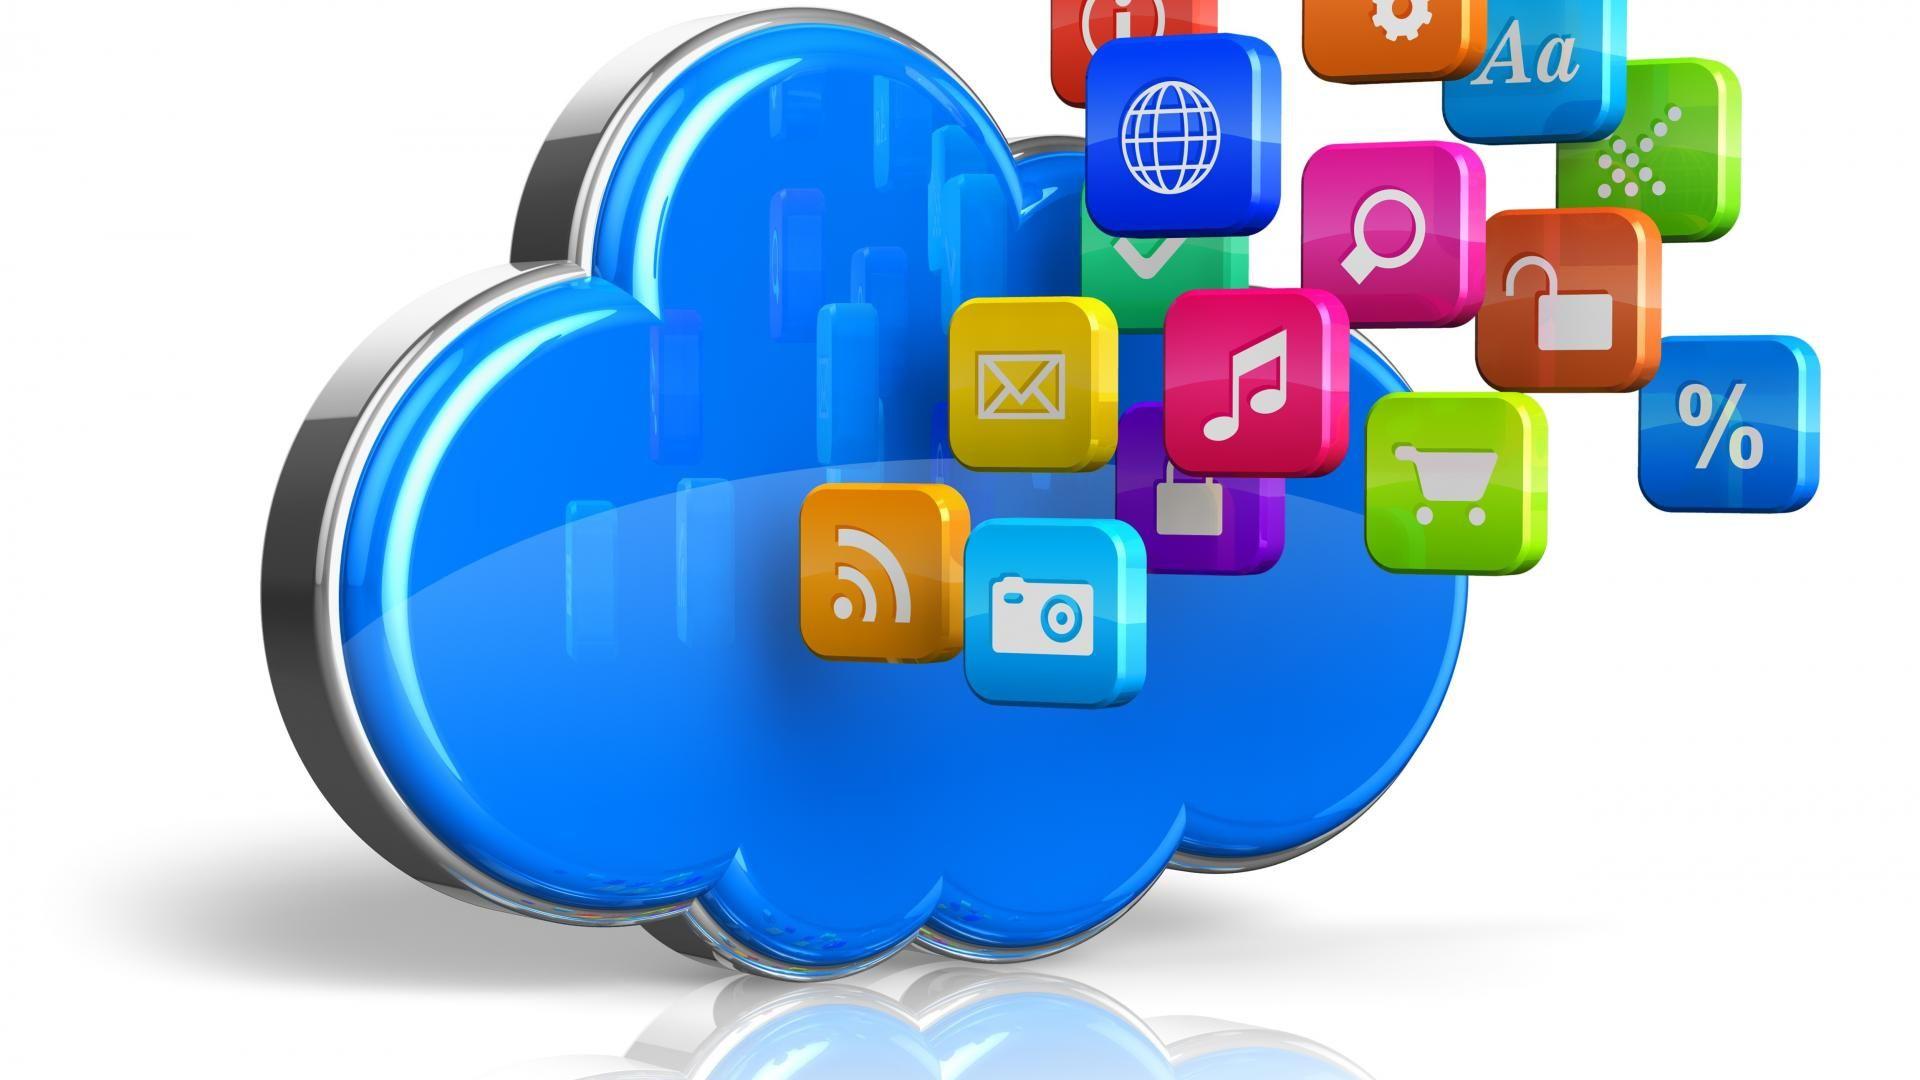 Cloud Computing Wallpapers - Top Free Cloud Computing ...
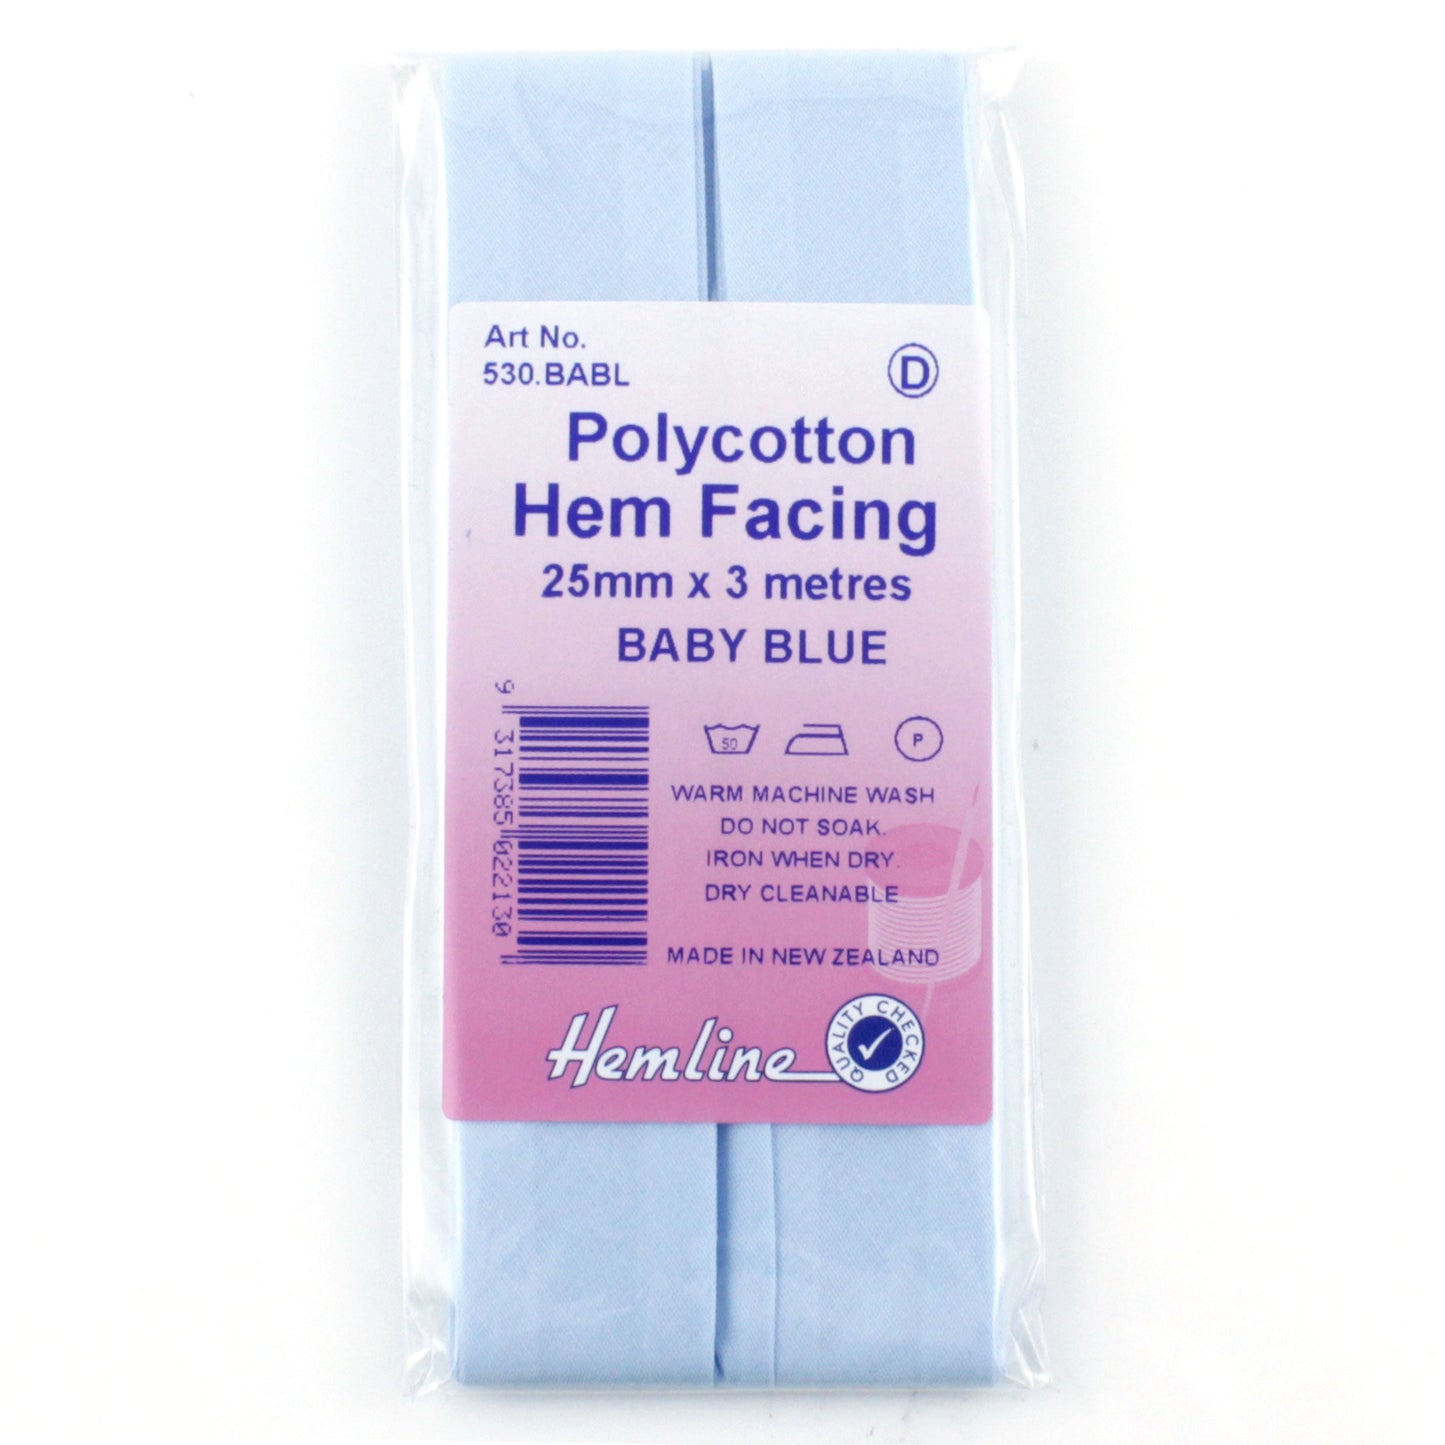 Hemline Polycotton Hem Facing Baby Blue
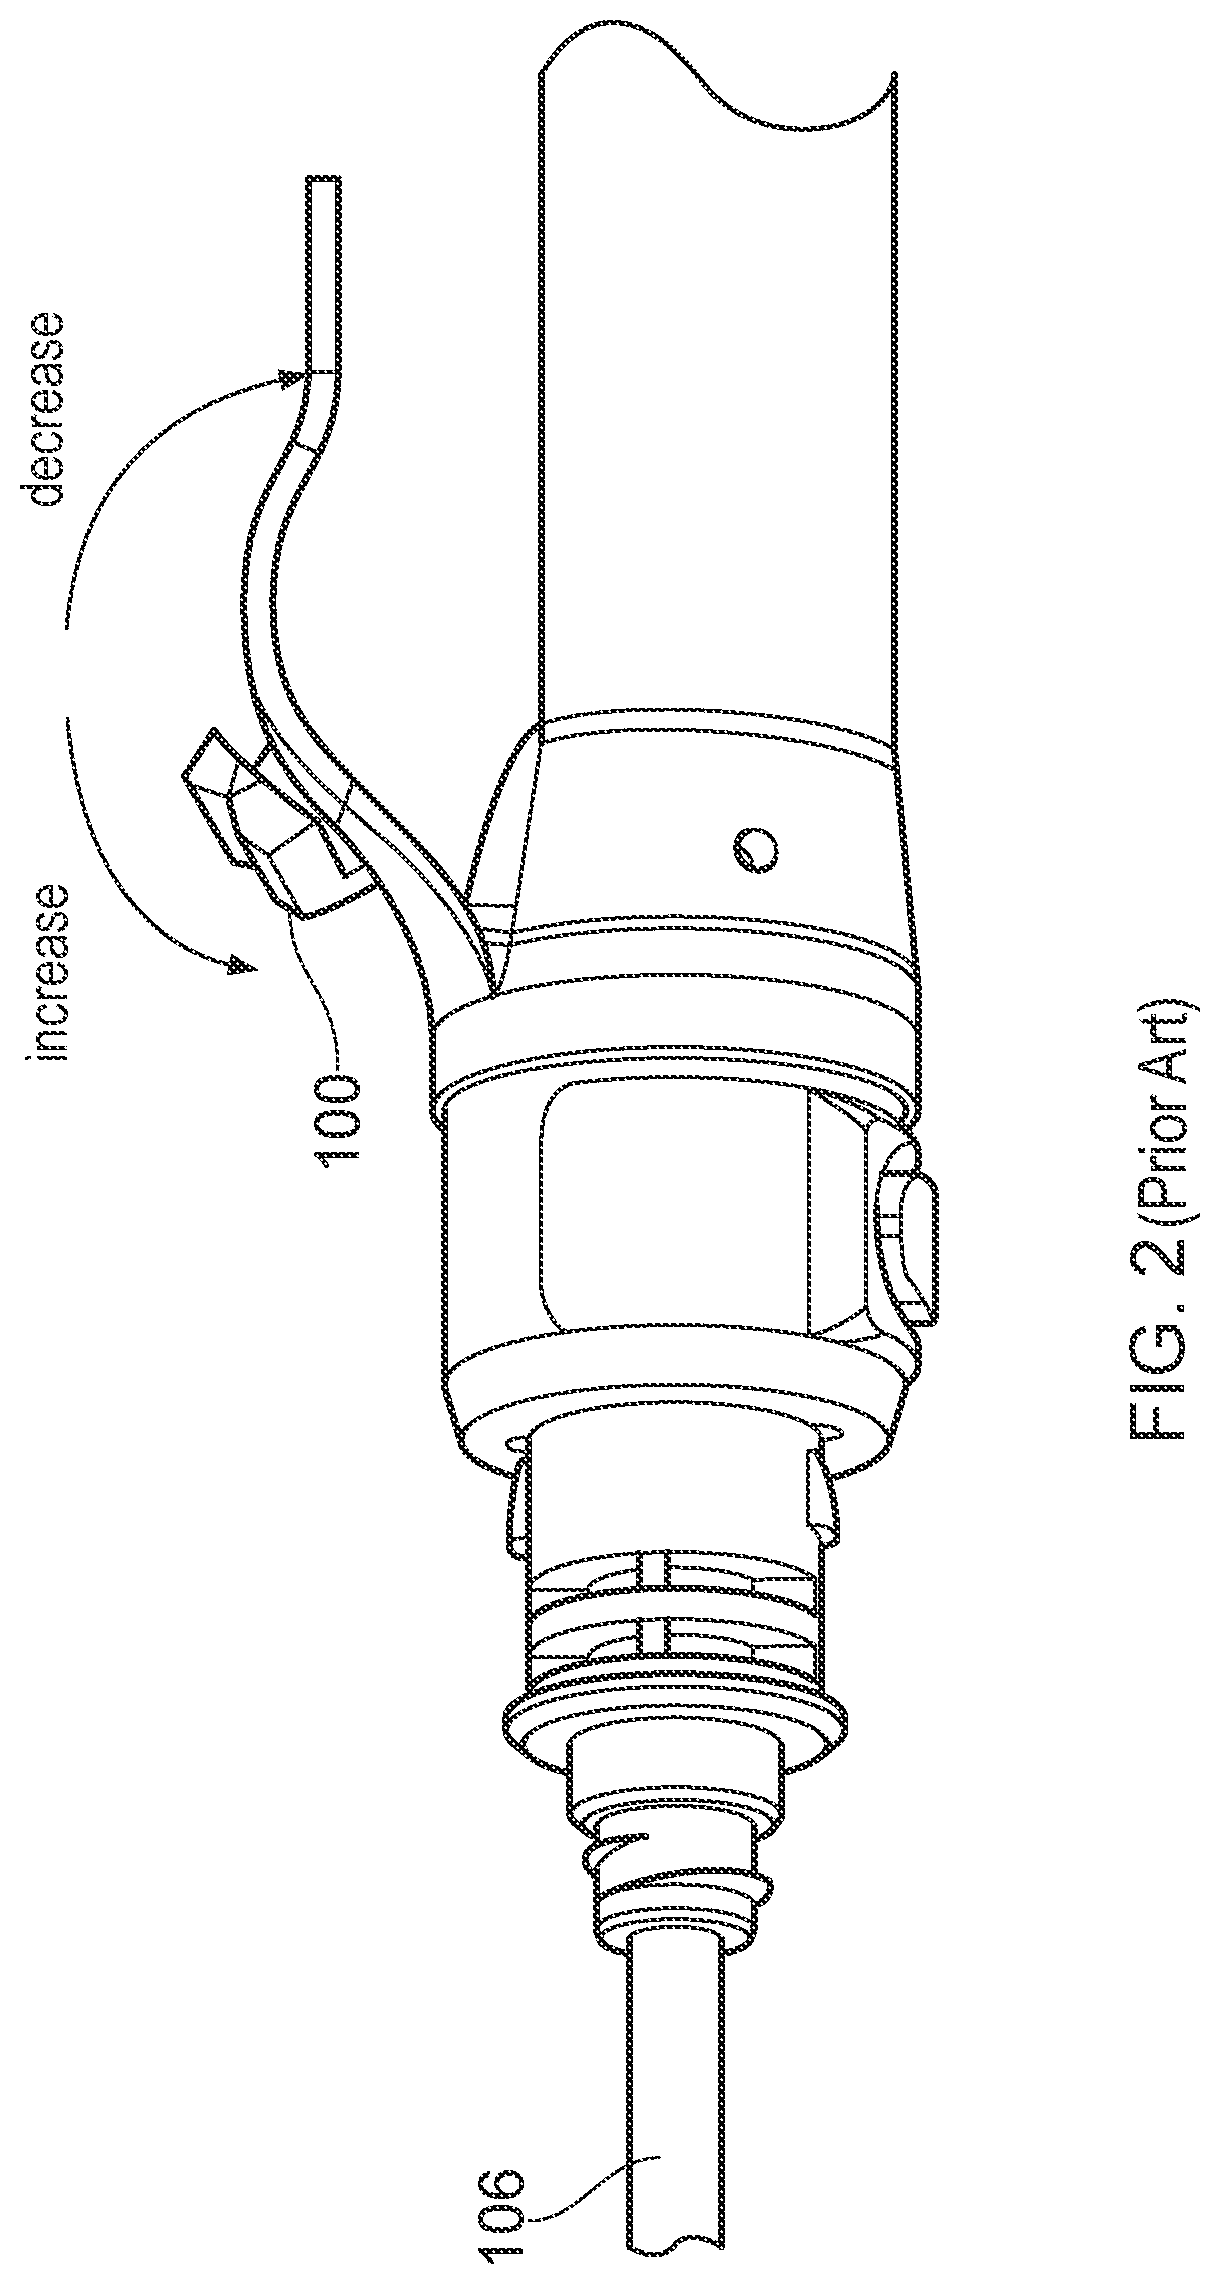 Flow valve position sensor for an electrosurgical device

=== YOUR INSTRUCTIONS ===
Quote the data above in full, leaving out the pictures it holds.

=== YOUR RESPONSE ===
 Cloud Computing Wallpapers - Top Free Cloud Computing ...
 Hemline Polycotton Hem Facing Baby Blue
 Flow valve position sensor for an electrosurgical device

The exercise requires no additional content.